このバディが、スタイリッシュでかちょいいんですね。実在のシンガーソングライター、バディー・ホリーがモチーフらしいです。全く知らない人だけれど。
マッドマックス的世界なのに、着てるのは革ジャンなんかじゃなくて。ボロボロのタキシードにボロボロすぎる雨傘を差してるんですよ。破れ傘刀舟かよ(笑)
背負う古びたエレキギターには、ガムテープムで(笑)日本刀が仕込まれていて。座頭市?
なんでか少年・デビッドに懐かれて、彼と共にベガスへ向かう旅を続けます。
行く手を阻む、異形の一団(本当に悪趣味…)の数々と出会ったり、戦ったりしながら。
そんな感じで、エレキギターのメロディーが流れる『マッドマックス』的荒野でのアクションシーンがこの作品の最大の見どころなの。ってか、それしかないの。ランス・マンギア監督、それを撮りたかったんですよね。
でも、ジェフリー・ファルコンのカンフー&チャンバラアクションが、本当にスタイリッシュでかっちょいいの。
そして、ラストでほろりと泣かせにくるんですよ。
数々の一団を倒してベガスの目の前まで辿り着いたバディとデビッドなんですが、ここで最強のラスボス・デス一味との決闘があるわけ。

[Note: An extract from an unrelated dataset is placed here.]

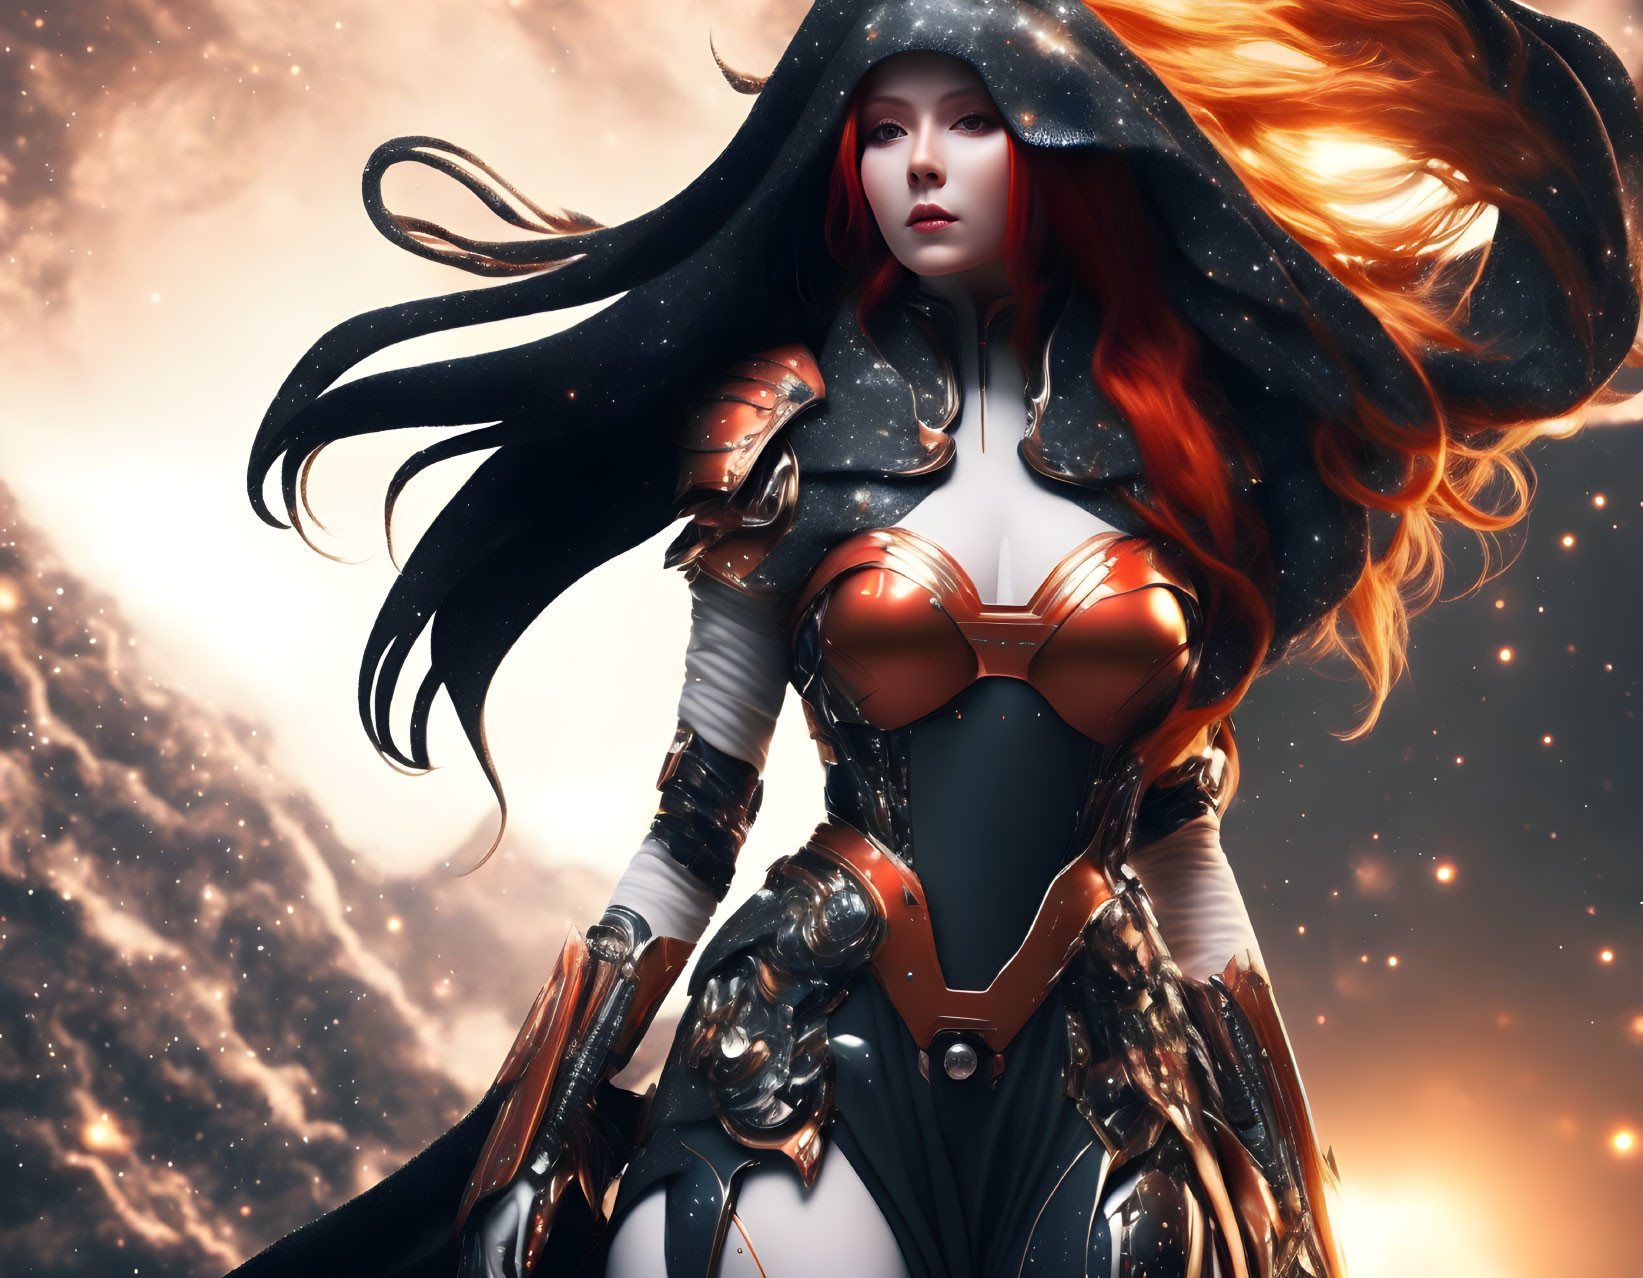 Red-haired fantasy female warrior in ornate armor against cosmic backdrop

バディの弱点を「ヤツは非情になれない」と見抜くデスに追い詰められるバディ。
その言葉通りにデビッドを庇って、矢に射られまくる手負いのバディ。そして奮闘空しくデスの凶刃に、無念に倒れちゃうの。主人公なのに(泣)
いくら斬られても『300〈スリーハンドレッド〉』みたいに血飛沫が出ないのは90年代の映画だからご愛敬。
そんなデスを倒したのがデビッドだったの。なんでか、水筒の水をかけただけなのに。デスは煙になって消えてしまって。
父の仇を子が討つ。この展開、まんま『子連れ狼』なんですね。
倒れたバディの亡骸はそこにはなく、残った彼のタキシードとオンボロメガネを着用したデビッドが、ギターを背負いベガスへ向かうカットで物語は幕引き。デビッドの背にバディの背がオーバーラップして。
考えるに、このカットって、もともとバディなんていなくて。すべてはデビッド少年の成長奇譚の幻だったと思ったの。
秀逸な音楽と相まって、思いっきり涙腺が緩むラストなんですね。
やっぱり好きだわ、この作品。
大好き過ぎて、コスプレ遊びまでやらかしてたんですね。ところが、こんなマイナーネタをわかってくれる奇特な人なんて東京ビッグサイトにはいなくて。かなり寂しいアウエー感に打ちひしがれた思い出があります(笑)
言うたらアレですけど、こんな映画にここまで長文レビュー書けるって、ある意味、才能?